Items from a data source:
*** Begin section ***
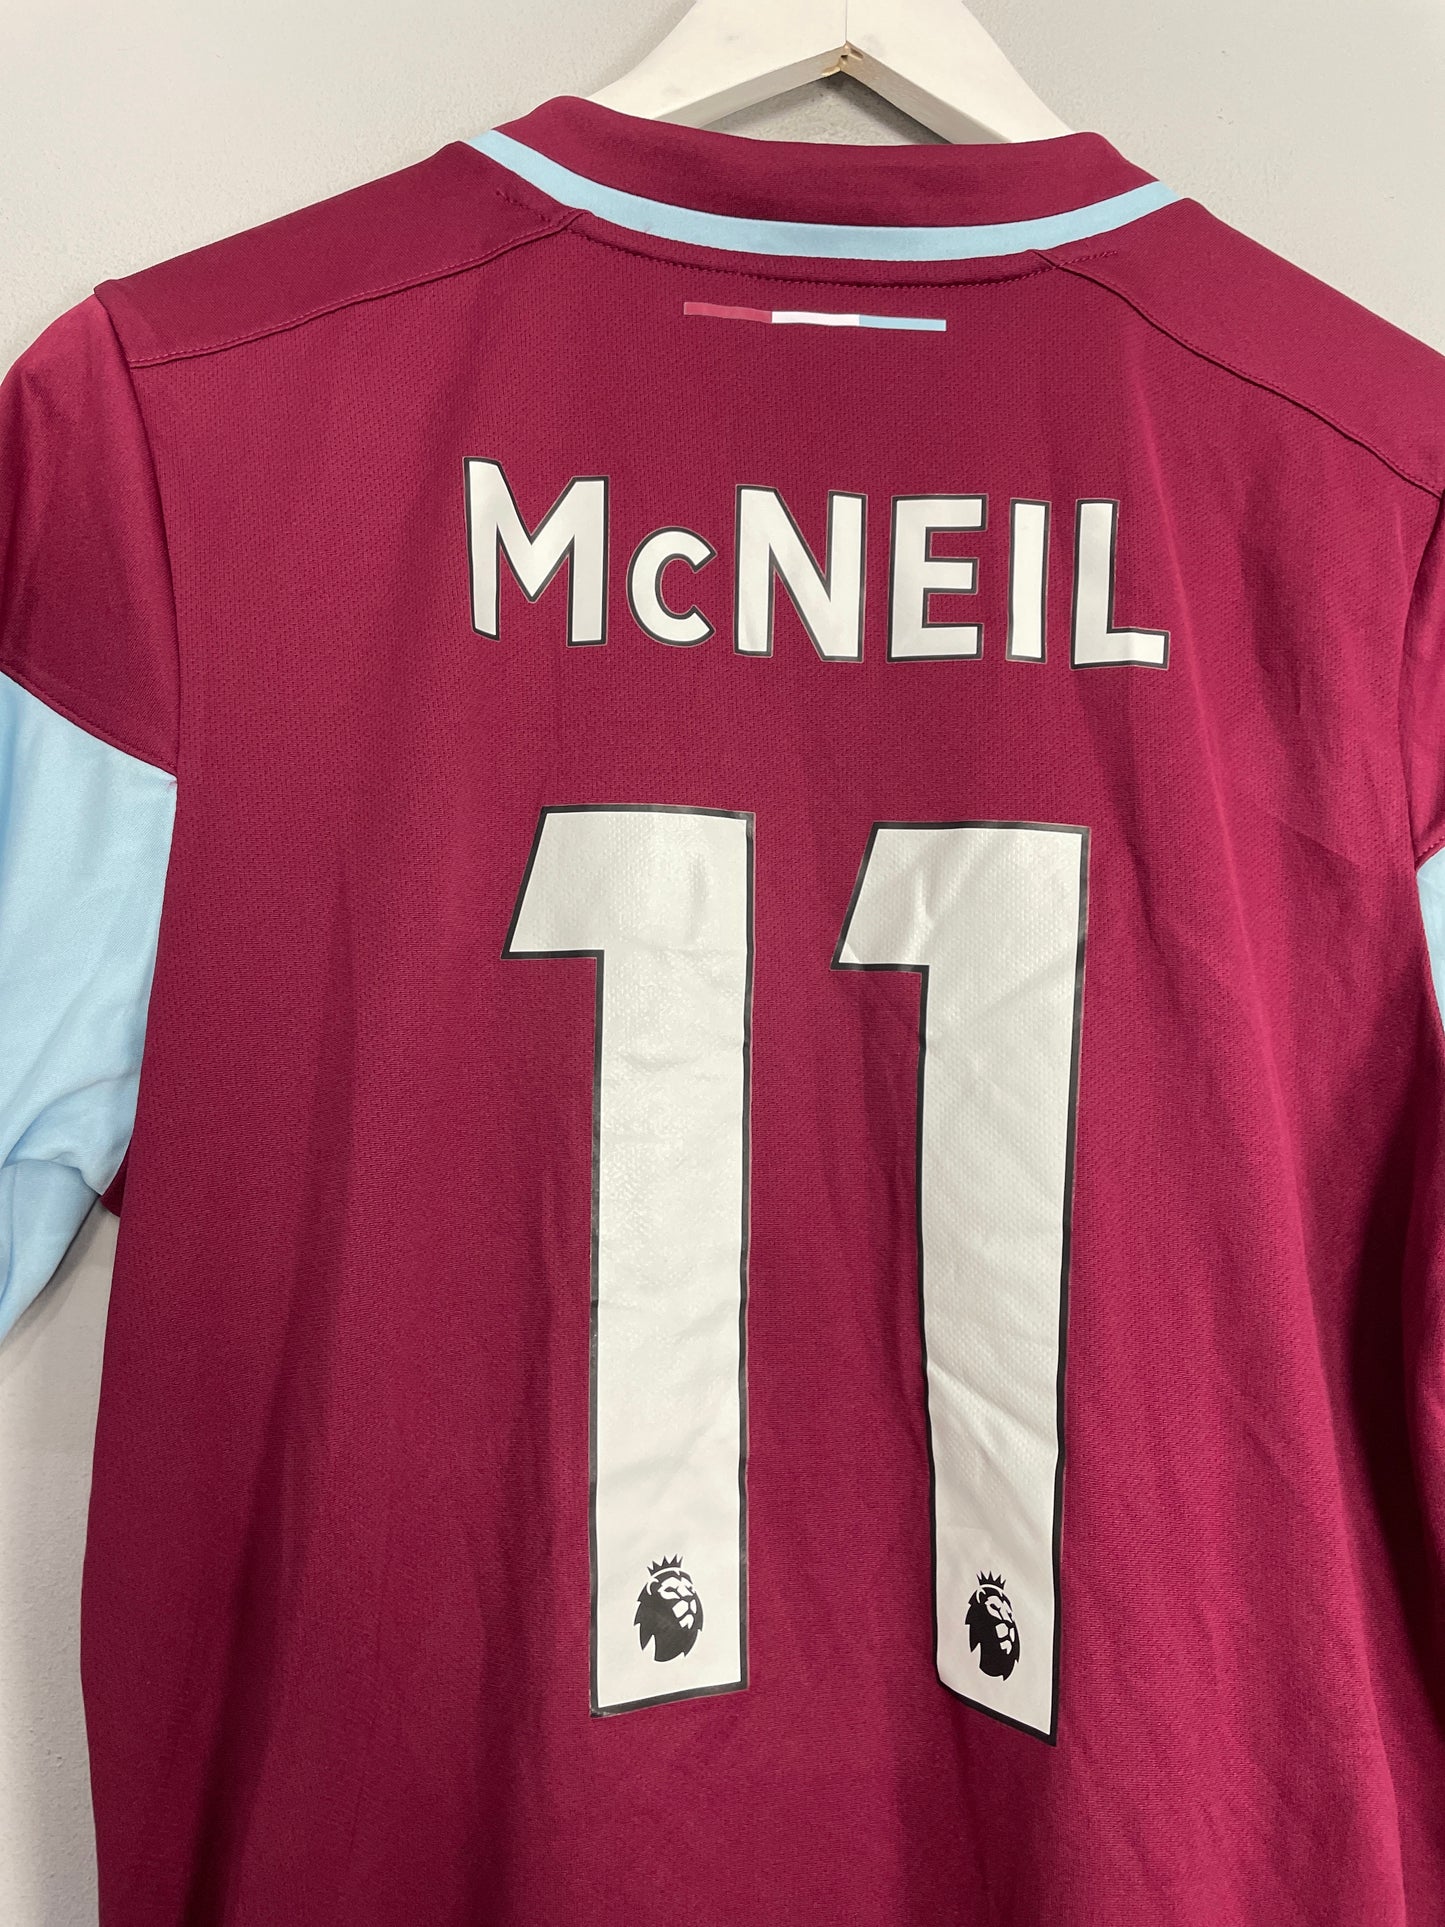 2020/21 BURNLEY MCNEIL #11 *MATCH ISSUE* FA CUP HOME SHIRT (M) UMBRO
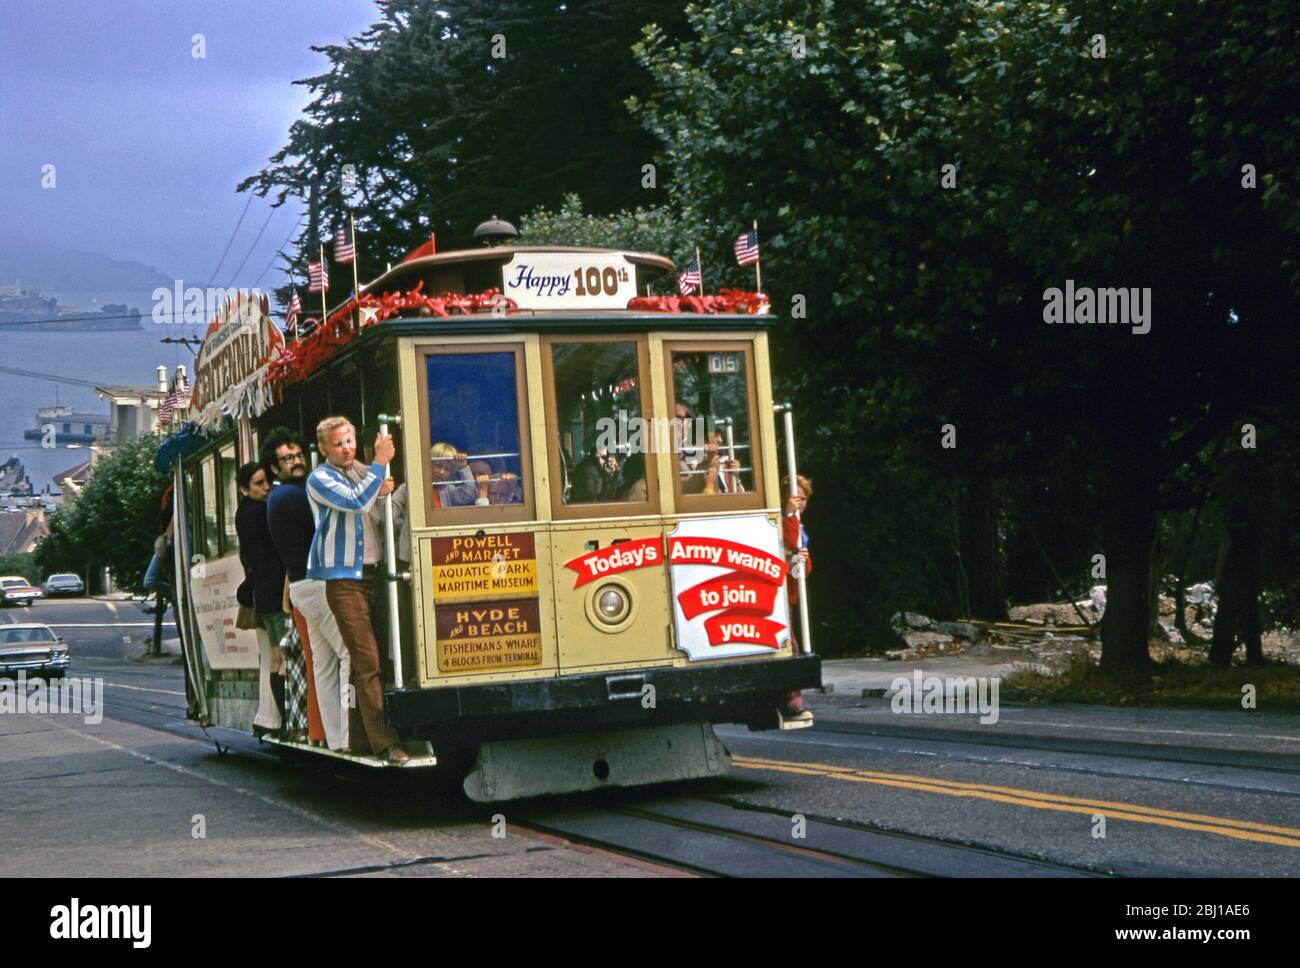 Passengers on board an ascending cable car, Powell-Hyde Line, San Francisco, California, USA 1973. That year marked the centennial of the famous public transport system and the cable cars were decorated with signs, bunting and American flags. Stock Photo
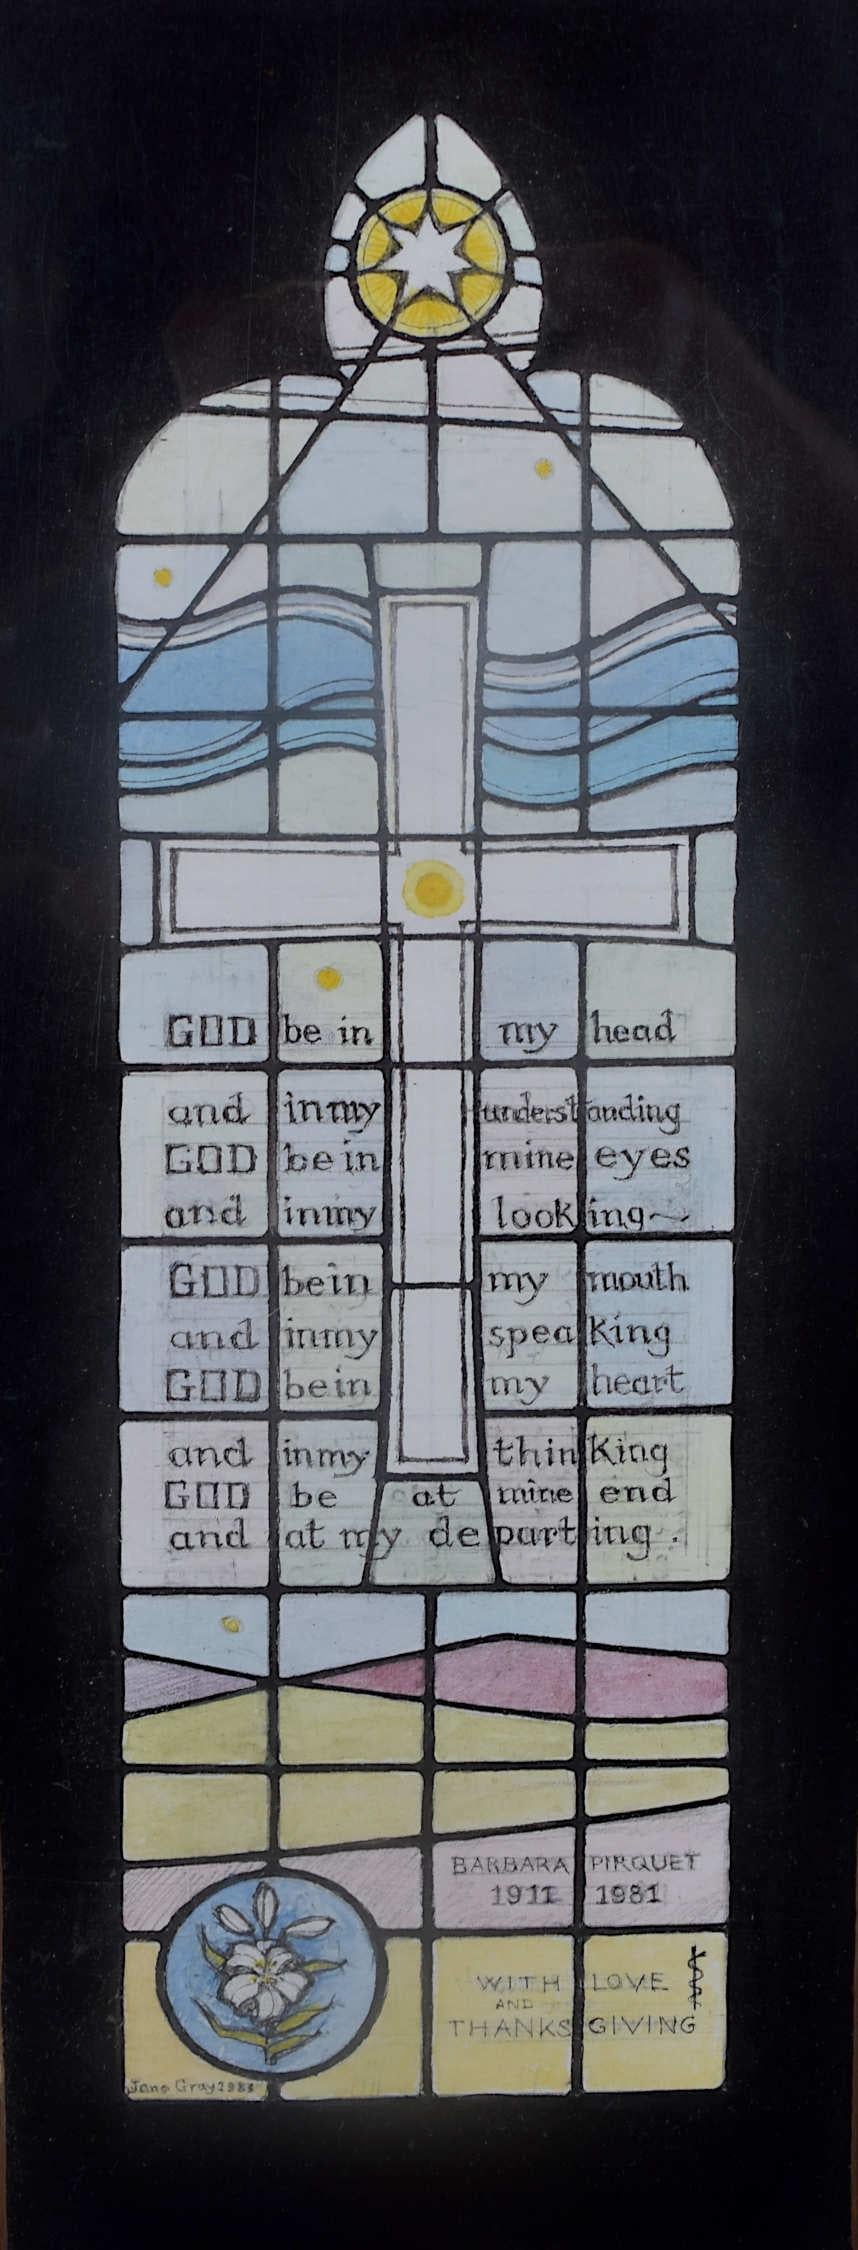 We acquired a series of watercolour stained glass designs from Jane Gray's studio. To find more scroll down to "More from this Seller" and below it click on "See all from this seller." 

Jane Gray (b.1931)
Stained Glass Design
Watercolour
21 x 7.5
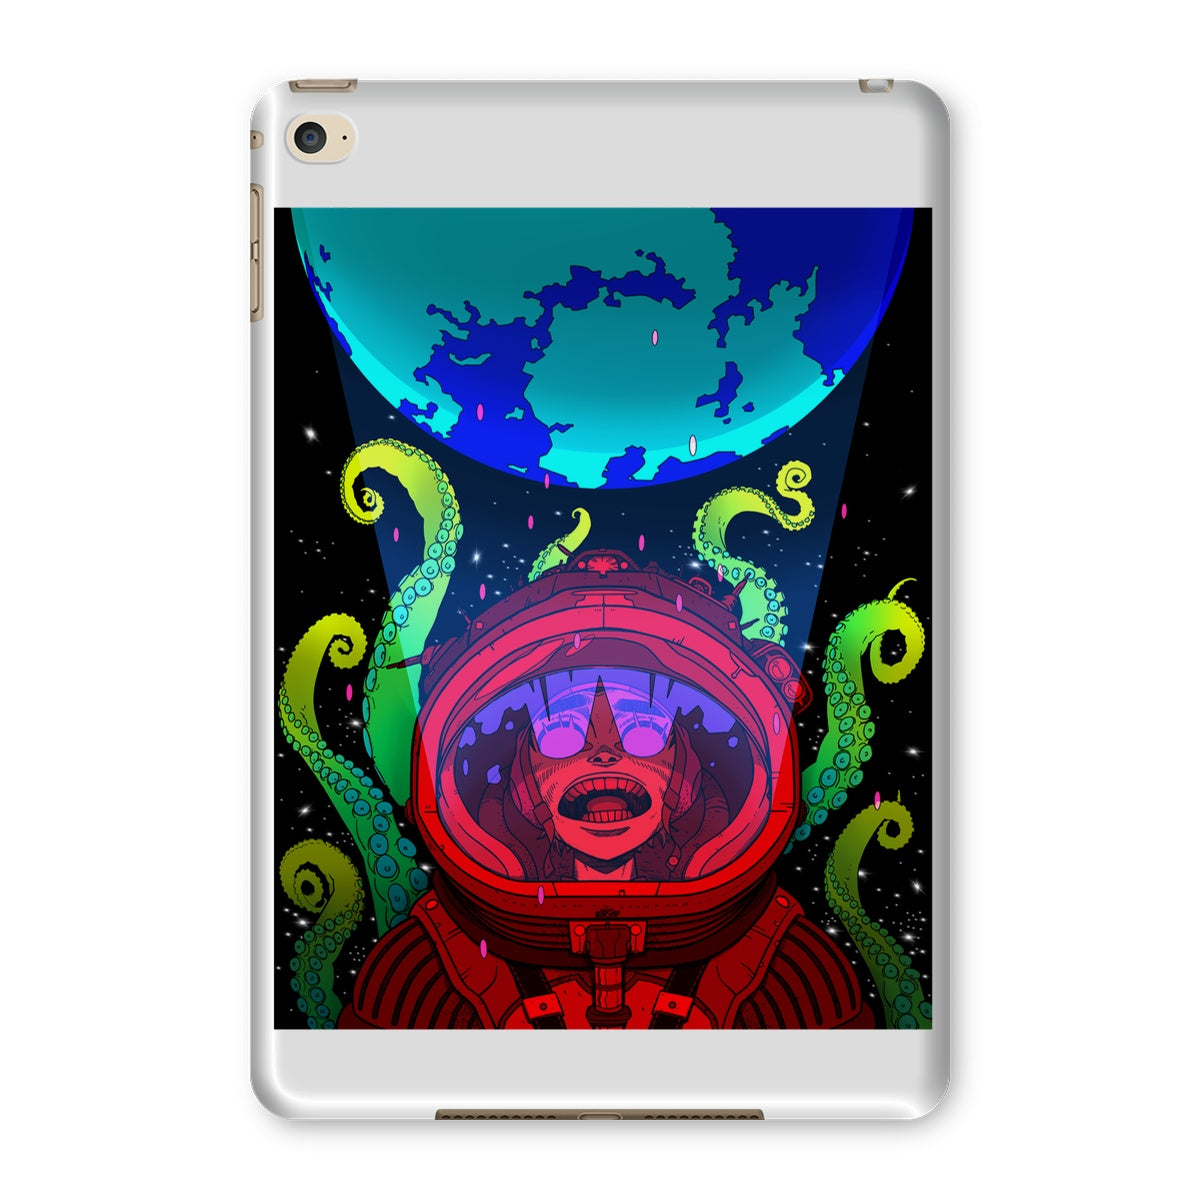 Cthulhu Chaos Tablet Case
*** End section ***
[Exercise directions]
Images must not appear; print each record precisely as it reads.

[Solution]
 2020/21 BURNLEY MCNEIL #11 *MATCH ISSUE* FA CUP HOME SHIRT (M) UMBRO
 Passengers on board an ascending cable car, Powell-Hyde Line, San Francisco, California, USA 1973. That year marked the centennial of the famous public transport system and the cable cars were decorated with signs, bunting and American flags. Stock Photo
 We acquired a series of watercolour stained glass designs from Jane Gray's studio. To find more scroll down to "More from this Seller" and below it click on "See all from this seller." 

Jane Gray (b.1931)
Stained Glass Design
Watercolour
21 x 7.5
 Cthulhu Chaos Tablet Case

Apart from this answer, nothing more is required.